(UDR Music, 2013)
1. Deadlock
2. No Way Out
3. Smear Campaign
4. No Surrender
5. Wrapped
6. Perfect Angel Eyes
7. Demon Code
8. Fight The World
9. One Falls, Two Rise
Thrash metal e modernità sono due termini che male si accostano vicendevolmente, in numerosi casi tenuti rigorosamente opposti dai creatori e musicisti di questa frangia del metal: del resto, si sa che per molti il meglio in questo ambito è stato creato e messo su disco nella seconda metà degli anni ’80, con buona pace di tutti i lavori, magari anche eccelsi, usciti successivamente. Gli Annihilator invece che, ci teniamo a precisarlo, hanno siglato il proprio esordio nel 1989 con il fondamentale Alice In Hell, sembrano aver sempre rifiutato questa politica, unendo sin dalle prime releases riff e tempistiche tipicamente “old school” a suoni e produzioni decisamente al passo coi tempi, creando tra i primi quel pesante impasto di techno-thrash rivolto al futuro, piuttosto che al passato.
Antesignani quindi di tutte le band metalcore e post-thrash che invadono oggi il mercato, la band di Jeff Waters torna in questo 2013 con Feast, nuova fatica rilasciata tramite UDR Music e platter che ci riconsegna una band ancora fresca, ma un po’ altalenante nel risultato finale.
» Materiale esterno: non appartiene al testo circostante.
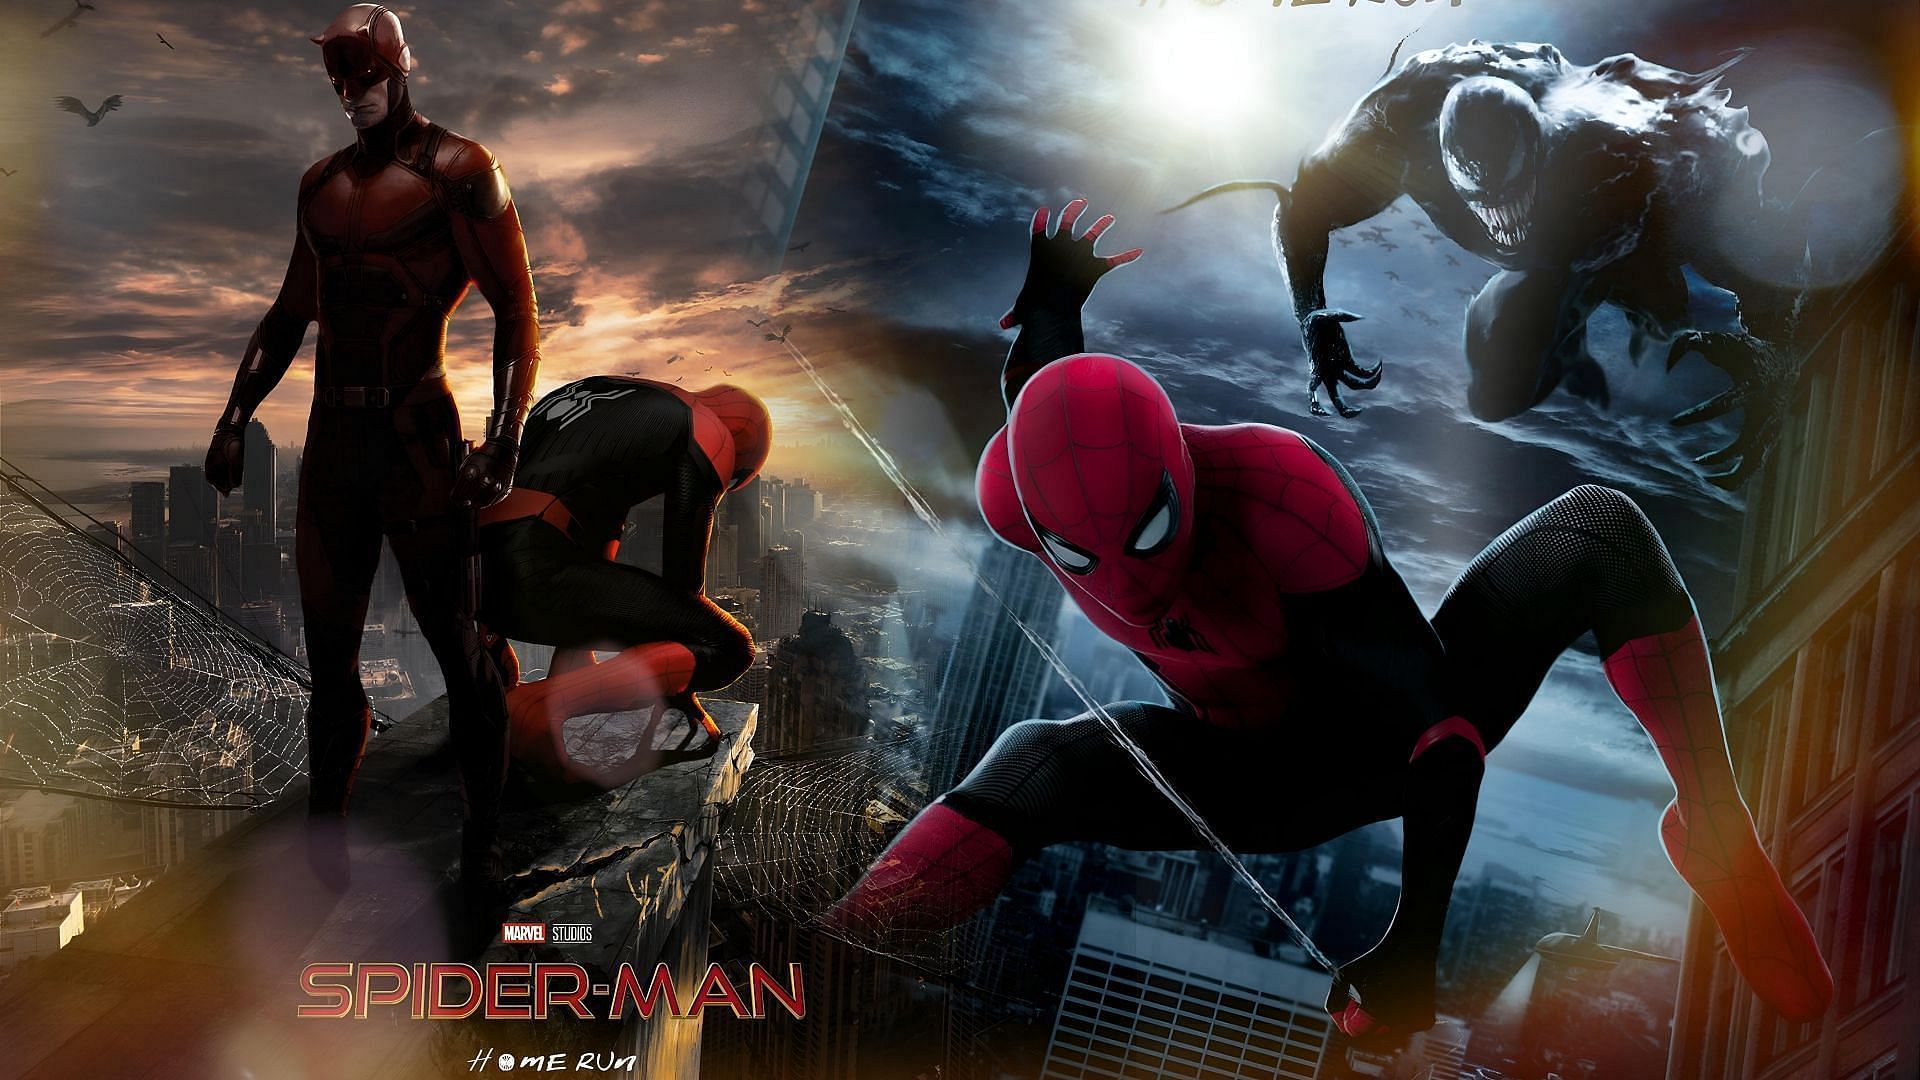 Spider-man 4 is finally set to hit theaters (Image Via Sportskeeda)

A parte gli esordi scoppiettanti ed il periodo di metà carriera corrispondente alla permanenza dietro al microfono di Joe Comeau, con il quale i canadesi hanno rilasciato alcuni dei loro lavori migliori, le uscite più recenti del combo erano risultate scialbe e piatte, prive del guizzo compositivo violento e serrato a cui eravamo stati abituati, dovute probabilmente anche alla costante instabilità della line-up che impediva al gruppo di trovare la coesione e l’affiatamento giusto per comporre ancora grandi canzoni memorabili. Sul nuovo Feast purtroppo non viene invertita la tendenza, ed escluso l’oramai fidato Dave Padden, alla voce ed alla seconda chitarra ormai da una decina di anni, anche in questo caso Waters ha deciso di sostituire la sezione ritmica con i nuovi session-men Mike Harshaw e Alberto Campuzano. Nel concreto, questa nuova formazione risulta piuttosto battagliera ed aggressiva, purtroppo però non completamente convincente lungo tutta la durata dell’album. Il terzetto iniziale è sicuramente dei migliori, facendoci sognare per i primi quindici minuti di musica: “Deadlock” non fa prigionieri con il suo riffing velocissimo, “No Way Out” concede qualche piacevole svarione melodico all’altezza del ritornello, mentre “Smear Campaign” torna a pestare duro e a rallentare un po’ i tempi. Le sorprese arrivano dalle tracce successive, con una “No Surrender” dall’incedere alternative che non avrebbe sfigurato affatto su un album dei Living Colour e la noiosissima “Perfect Angel Eyes”, ballad d’ordinaria amministrazione dove Padden, così come in diversi altri momenti, esagera un po’ con l’utilizzo di registri ed impostazioni vocali decisamente fuori dalla sua portata. Con gli ultimi tre brani si torna nuovamente a parlare di thrash nel senso stretto del termine, anche se in questo frangente non si riesce ad eguagliare l’ottima fattura delle canzoni poste in apertura.
In confronto a Metal ed Annihilator, il nuovo Feast è sicuramente più ispirato e convincente, mantenendo un livello medio in ogni caso decoroso e mai troppo scadente: preso di per sé, però, il lavoro non convince pienamente, dal momento che non basta inserire in tutto tre-quattro canzoni davvero belle in mezzo ad altrettanti fillers per realizzare un album che vada oltre la sufficienza.